The Letter also represents an evolution in the Staff’s recent views on the Custody Rule since the SEC’s 2023 “Safeguarding Rule” proposal, [6] which was not adopted. That proposal would have significantly broadened RIAs’ custodial requirements, including with respect to non-security crypto assets. According to the Spring 2025 Unified Agenda of Regulatory and Deregulatory Actions, the Commission appears to be focusing on revisiting the custody requirements of both RIAs and Registered Funds, so the Letter may portend additional useful changes with respect to the custody of Crypto Assets.
Although the Letter is not a statement of the Commission and could be subject to change, it supplies a workable path for RIAs and Registered Funds that seek to offer crypto exposure by using STCs to custody Crypto Assets. As far as next steps, RIAs and Registered Funds should consult the new guidance and consider revisiting how they plan to custody Crypto Assets to ensure compliance with the Letter’s conditions.
Contacts
If you have any questions or would like more information on the issues discussed in this LawFlash, please contact any of the following:
[1] Simpson Thacher & Bartlett LLP, SEC No-Action Letter (Sept. 30, 2025).

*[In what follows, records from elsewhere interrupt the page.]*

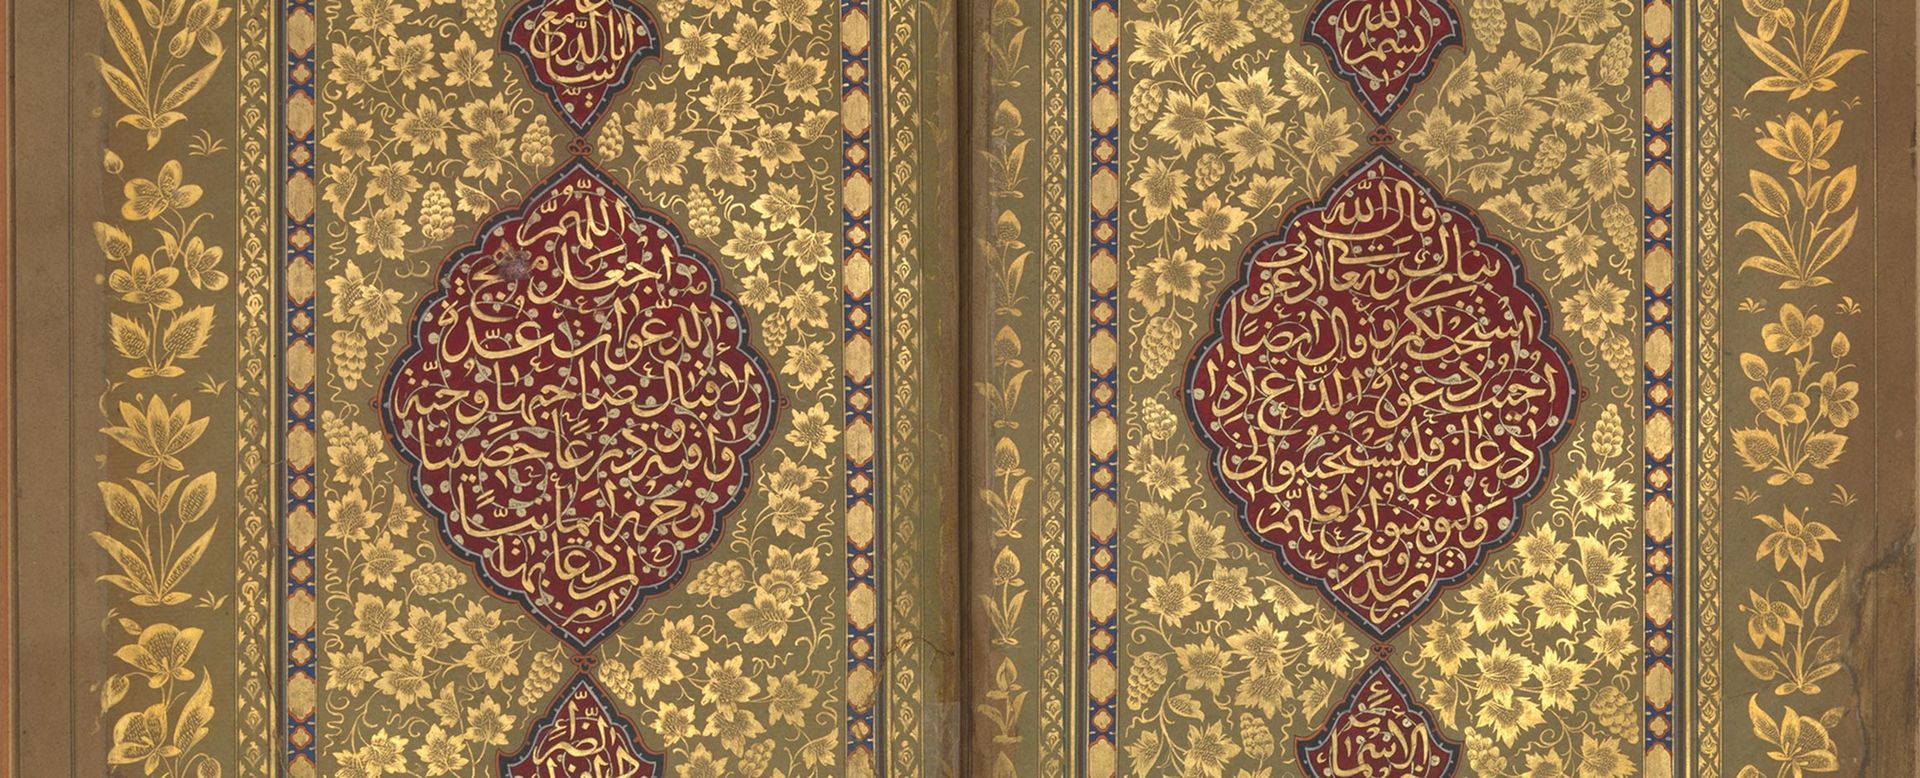 Detail of an Islamic Book of Brayers with gold illustrations of flowers surrounding a crimson design containing Arabic text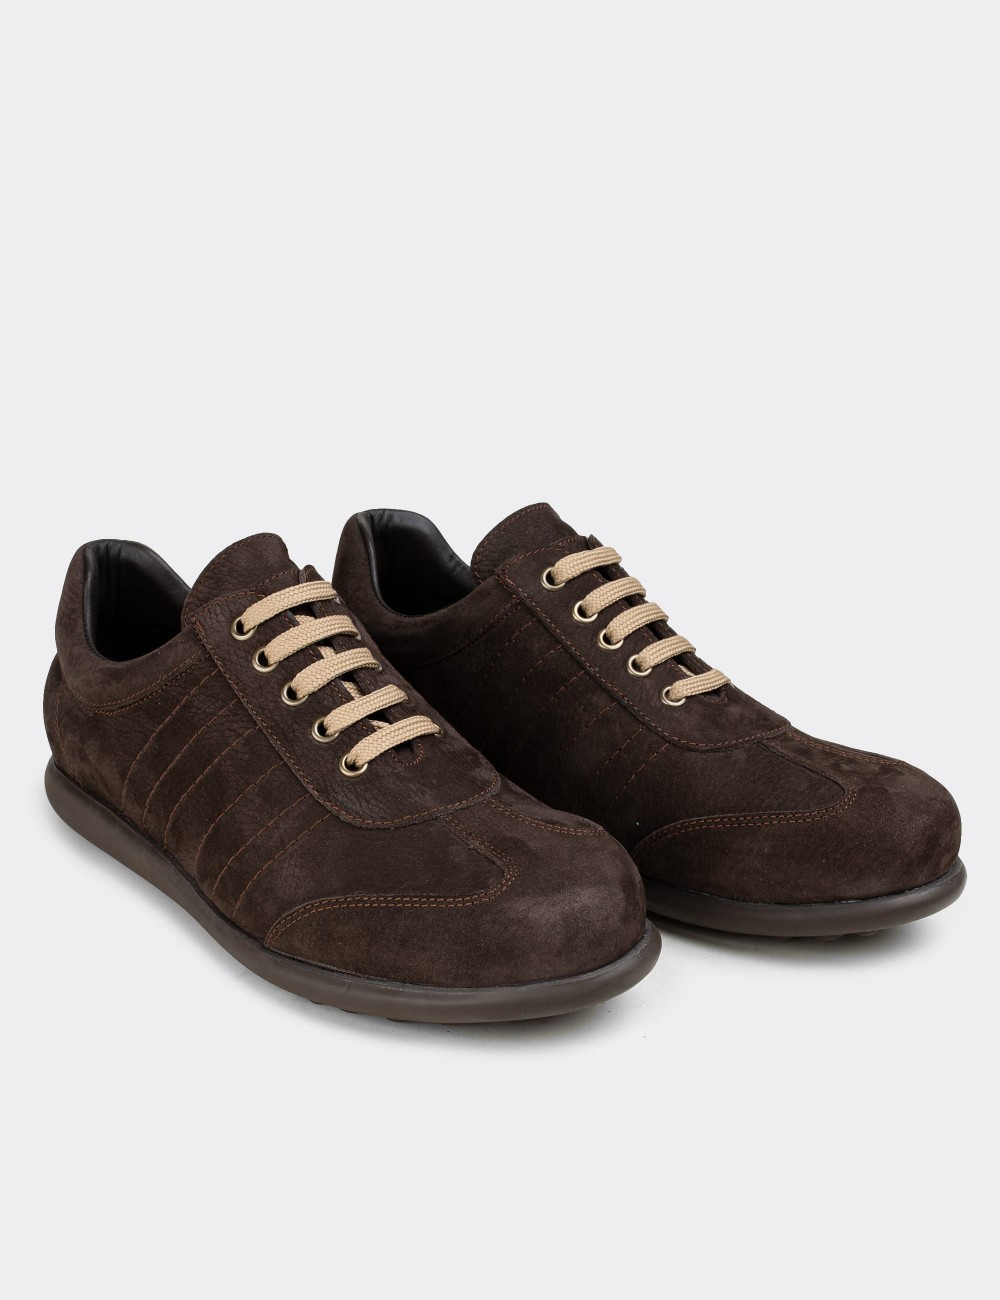 Brown Nubuck Leather Lace-up Shoes - 01826MKHVC03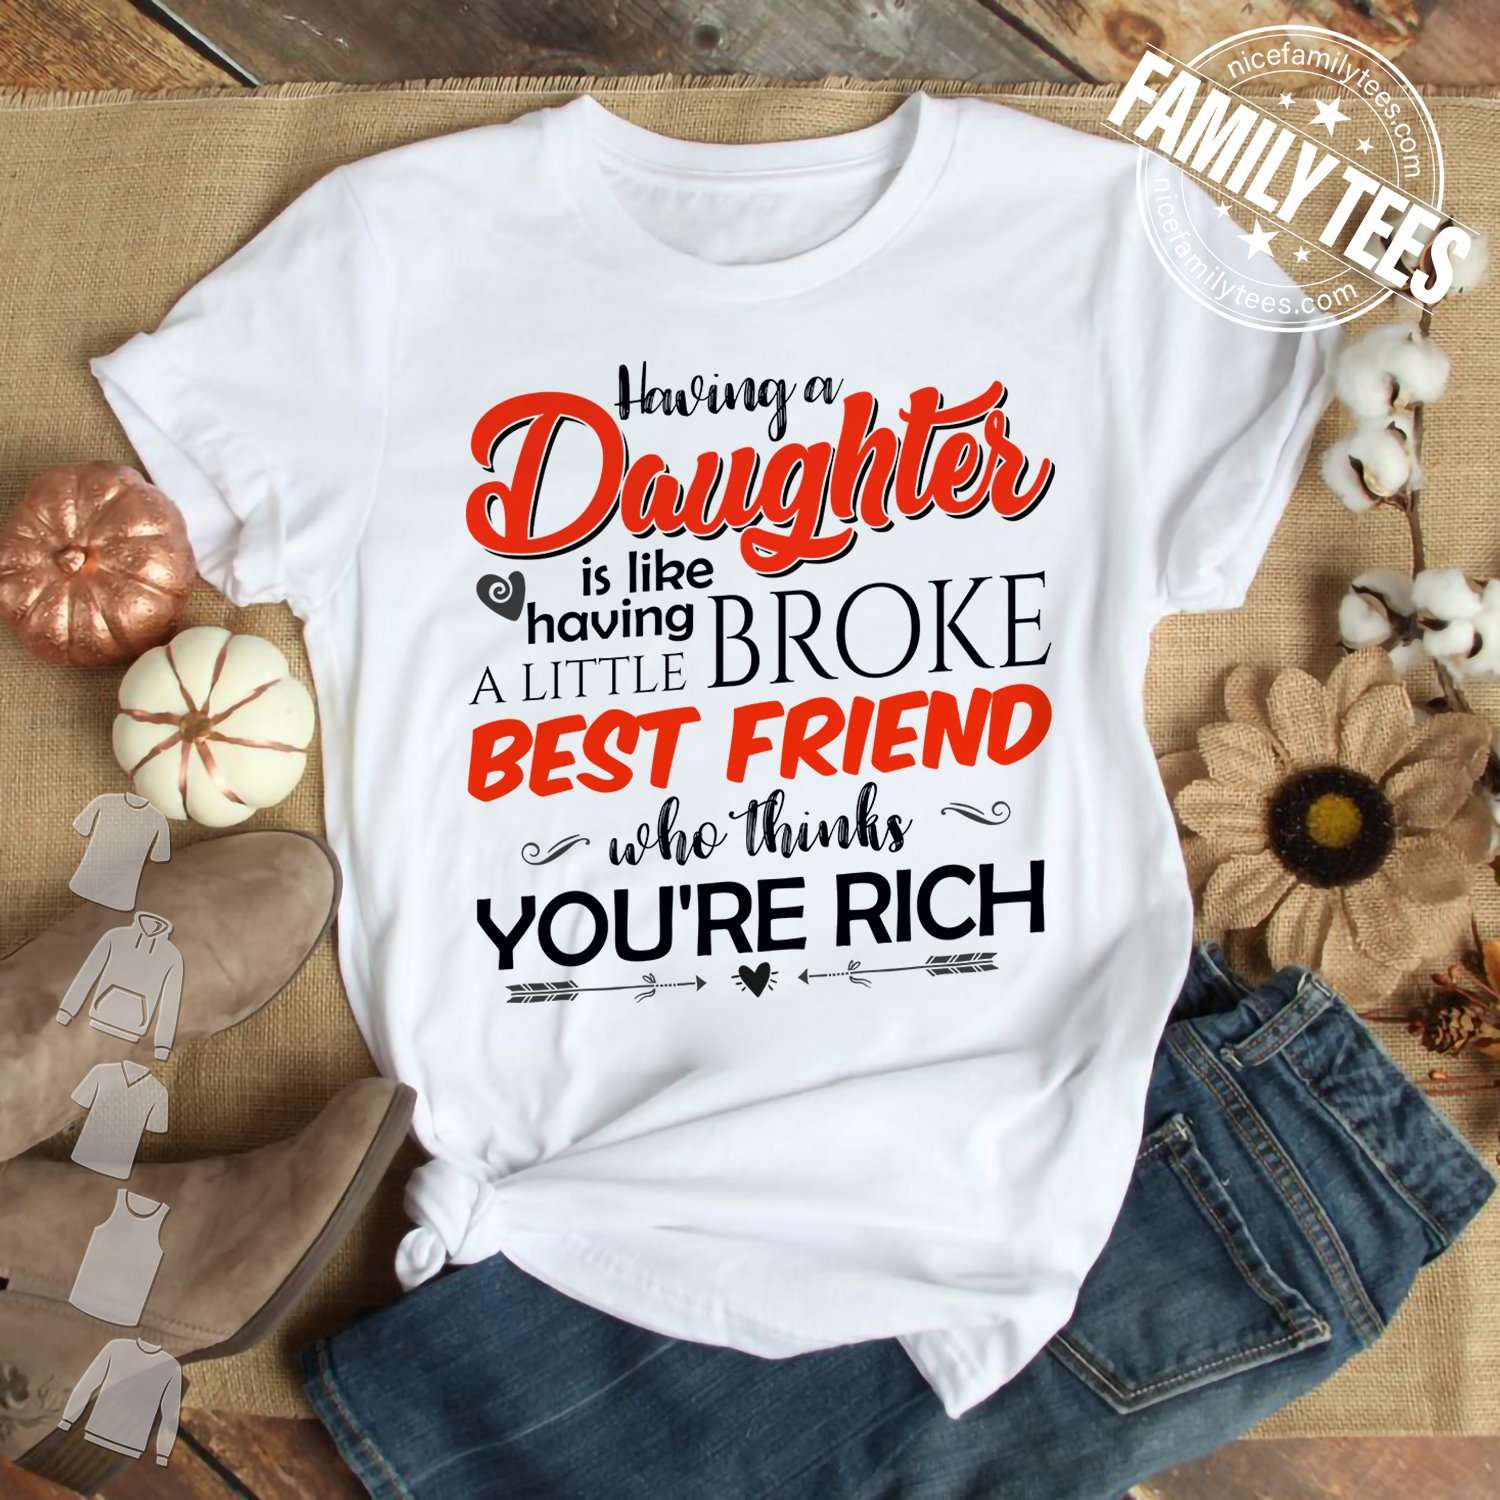 Having a daughter is like having a little broke best friend who thinks you're rich - Daughter best friend

[2] The custody provisions of the 1940 Act apply to a fund’s “securities and similar investments,” and the custody provisions of the Advisers Act apply to client “funds and securities” (each phrase as defined or interpreted in its respective Act and the rules thereunder). The SEC Staff generally has required Registered Funds with foreign subsidiaries that hold commodities (known as Controlled Foreign Corporations) to treat such subsidiaries as if they are subject to the custody requirements of the 1940 Act and the rules thereunder. Registered Funds and their managers may want to consider the application of the Letter to these types of structures.
[3] Hester M. Peirce, Comm’r, Sec. & Exch. Comm’n, Out of the Gray Zone: Statement on The Division of Investment Management’s No-Action Letter Relating to the Custody of Crypto Assets with State Trust Companies (Sept. 30, 2025).
[4] Caroline A. Crenshaw, Comm’r, Sec. & Exch. Comm’n, Poking Holes: Statement in Response to No-Action Relief for State Trust Companies Acting as Crypto Asset Custodians (Sept. 30, 2025).
[5] Regulatory Flexibility Agenda, 90 Fed. Reg. 45,652 (Sept. 22, 2025). Crypto-related rule proposals include “Crypto Assets,” “Amendments to the Custody Rules,” “Transfer Agents,” “Crypto Market Structure Amendments” and “Amendments to Broker-Dealer Financial Responsibility and Recordkeeping and Reporting Rules.”
[6] Safeguarding Advisory Client Assets, 88 Fed. Reg. 14,672 (Mar. 9, 2023). Withdrawn on June 12, 2025. See, Withdrawal of Proposed Regulatory Actions, 90 Fed. Reg. 25,531 (June 17, 2025).